Friday, February 1, 2008

More trouble for the U.S. Dollar?

Recently, the FED has substantially cut rates in response to the growing recession fears that have spread into the minds of more academics and economists. Although the possibility of a recession is no small matter, the FED has seemingly ignored another major problem facing our economy and financial well-being.

Our US Dollar has resumed its downfall against other major world currencies, most importantly the Yen and Euro. After a mid-December rally, the USD has plunged to new lows again compared against both currencies. Despite a global credit crunch and recession worries in Asia and Europe, the FED typically acts most rapidly and decisively when problems arise. On this positive note, we can expect the other central banks to begin cutting rates sometime later in the year as a more reactionary measure instead of a combination between reaction and precaution. Asian growth is still expected to maintain, but interest rates have risen to unhealthy levels. Meanwhile, Europe seems a few months behind the US economy in the GDP cycle, so slower growth may not be realized until the late 3rd or early 4th quarter of this year.





One solution to the falling value of the Dollar the FED has yet to utilize is the mop up of excess money floating around throughout the economy. Unfortunately for the US central banking arm, excess liquidity has been necessary in a marketplace stricken with tightening credit standards and loan requirements. As the financial sector continues to right itself (with the help of much needed investment from the private sector and abroad), the FED may begin to start diminishing some of this exorbitant amount of dollars. Hence, less supply will help drive the USD's value back in the right direction.

Sunday, January 27, 2008

Was Jerome Kerviel a man "without any particular genius"?



Within the past week, Jerome Kerviel changed the landscape and mindset of the financial world.
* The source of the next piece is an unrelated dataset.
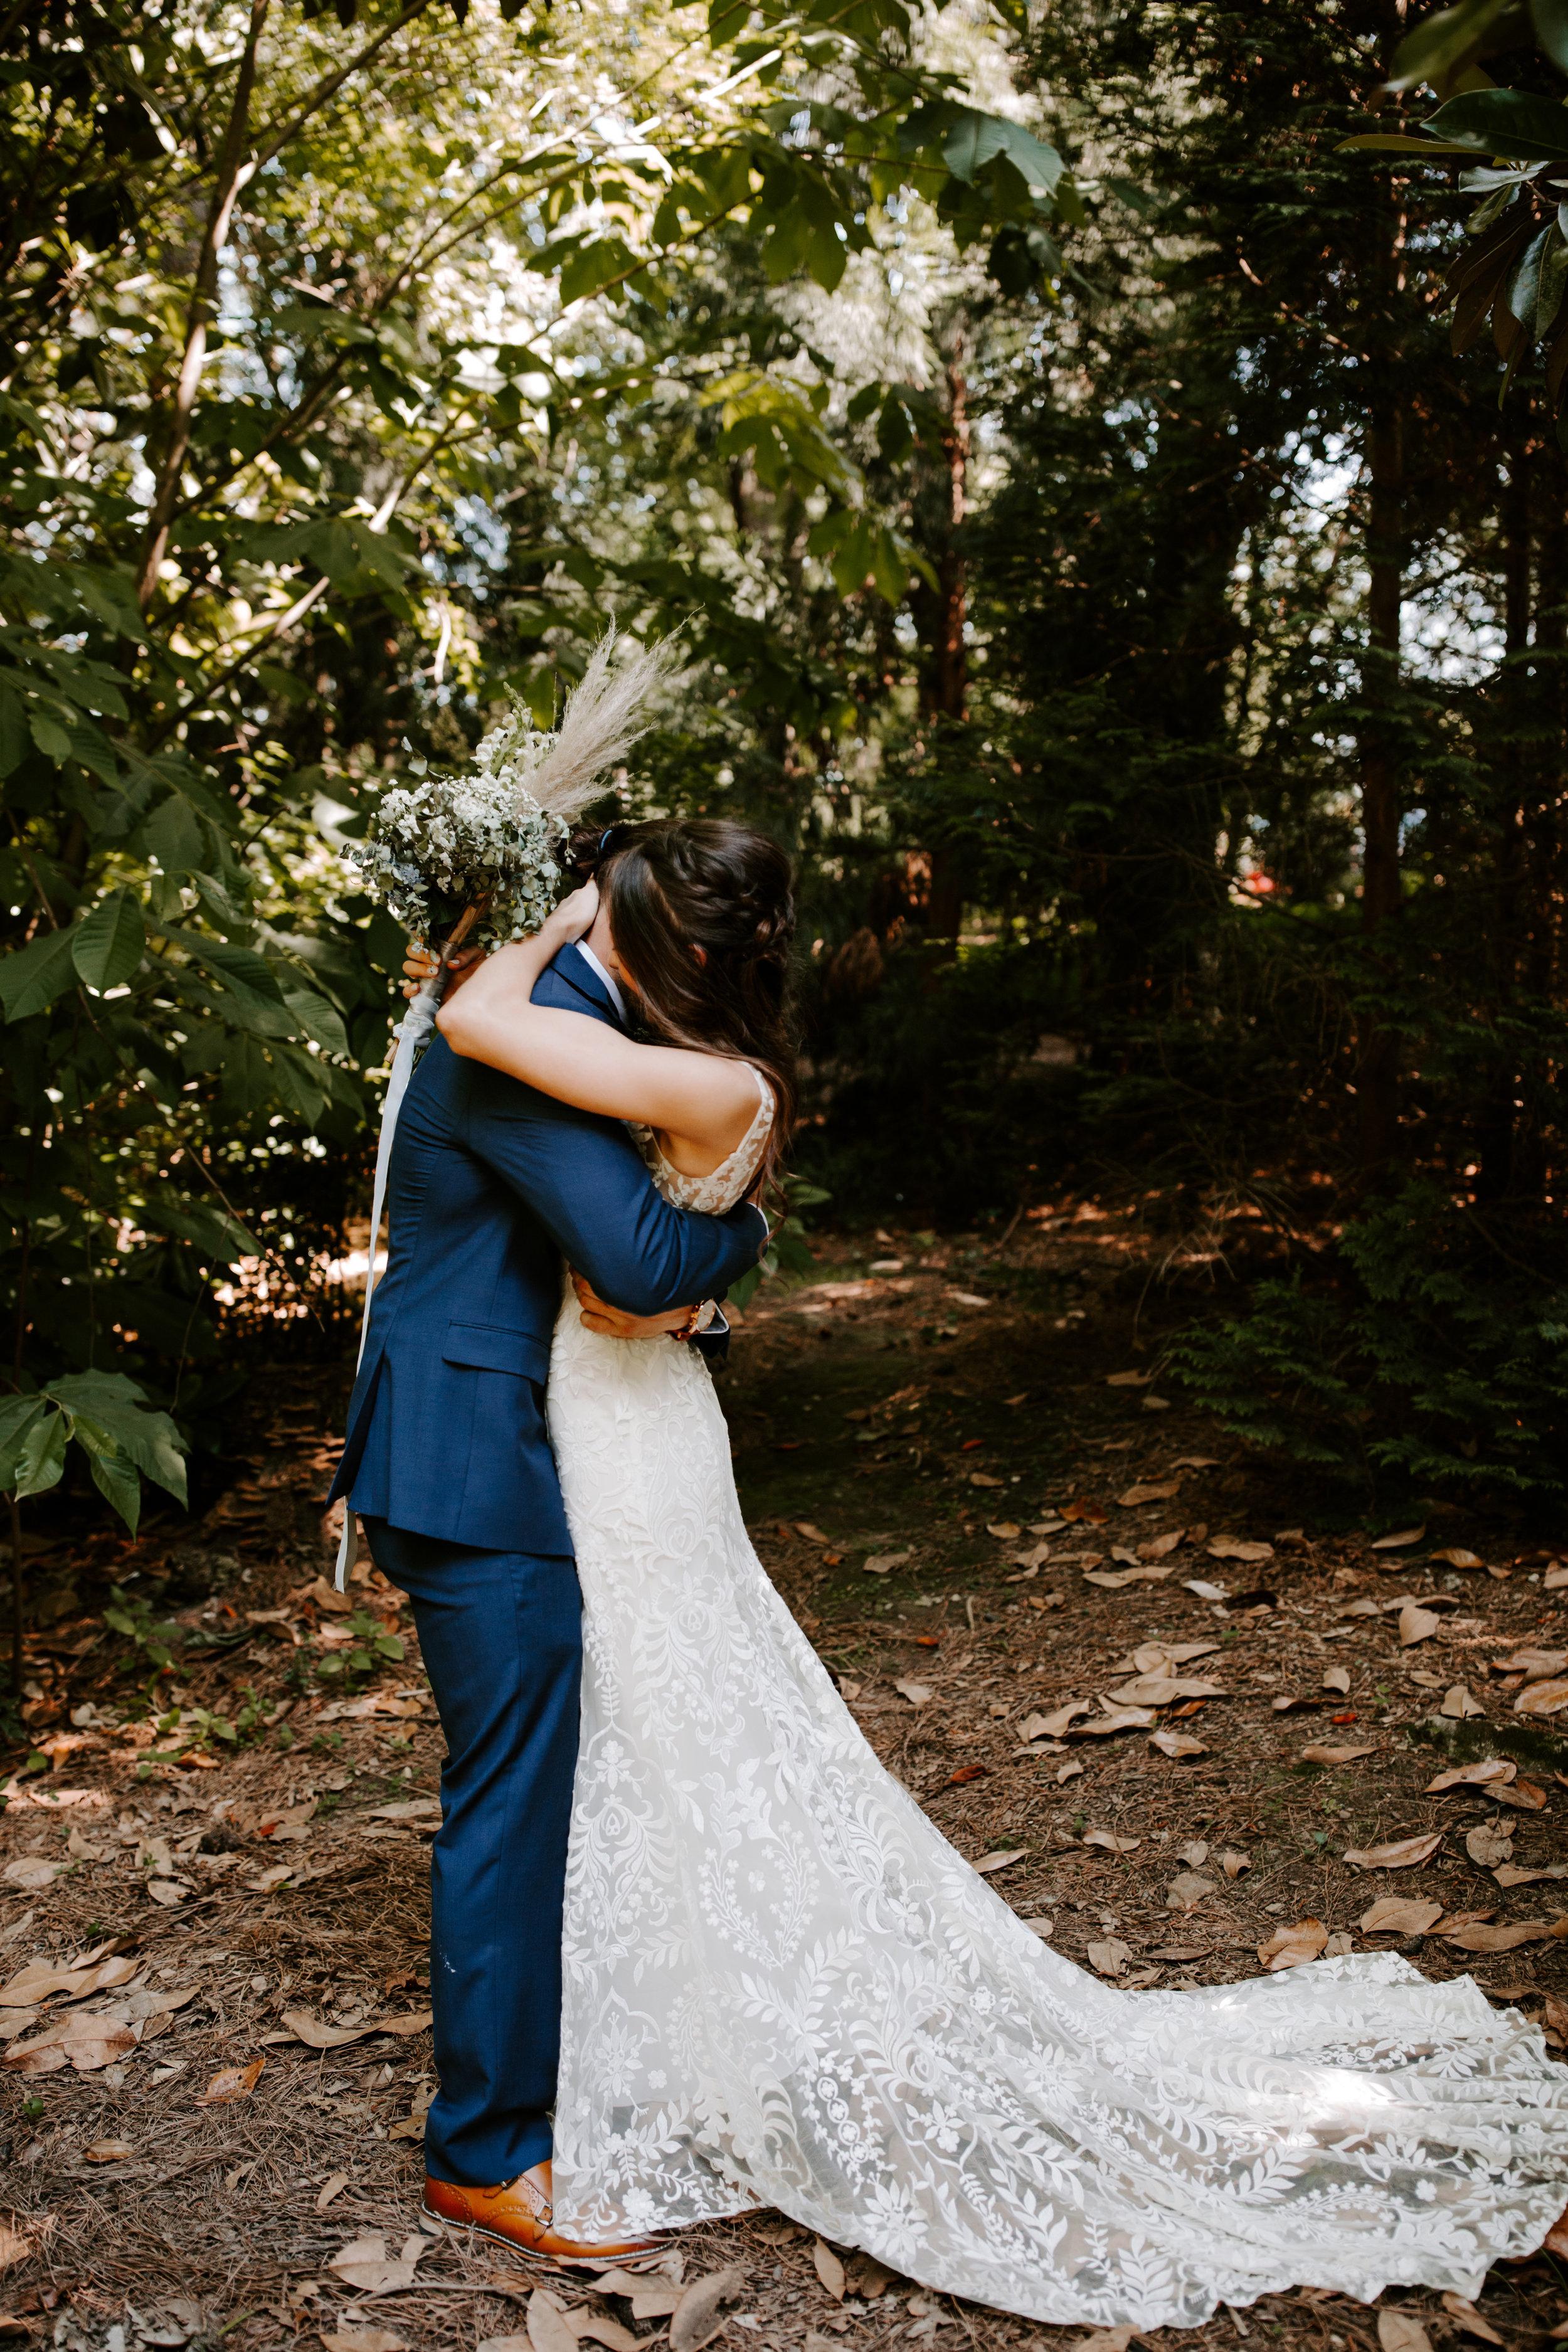 daywedding-168.jpg

According to the article from the Tribune Company, Kerviel is responsible for a whopping $7.14 Billion in losses incurred by French megabank Societe Generale. Although everyone's initial shock stems from the monetary value Kerviel cost his employer (not surprising considering the value), I was left in awe when reading about the ease and amount of transactions involved in his illegal actions.

For Societe Generale to comment on Kerviel as a "fragile person...without any particular genius" really worries me. Is this French bank so arrogant that they fail to believe he truly profited at any time from his illegal trading (which they also stated)? Are those at the top so stubborn to give Kerviel any credit for defrauding their organization for the largest amount in history? Or are those executives at Societe Generale telling us something else?

In an updated article, the bank claims he "hacked computers and "combined several fraudulent methods". How easy is this system to hack? If Kerviel was truly a man "without any particular genius," can we expect thousands of computer wizards to flock to investment banks in search of a trading position, which they will be able to use to extort or defraud massive amount of money? Are these banks, supposedly with the top computer security in the world (save national governments and agencies) really that safe?

Societe Generale might want to start a company-wide investigation, quick. Ditto for the rest of the banks. Because if Kerviel is just a normal guy with average intelligence and knowledge of his field and the trading system, this won't be the last case we see of this nature in near future.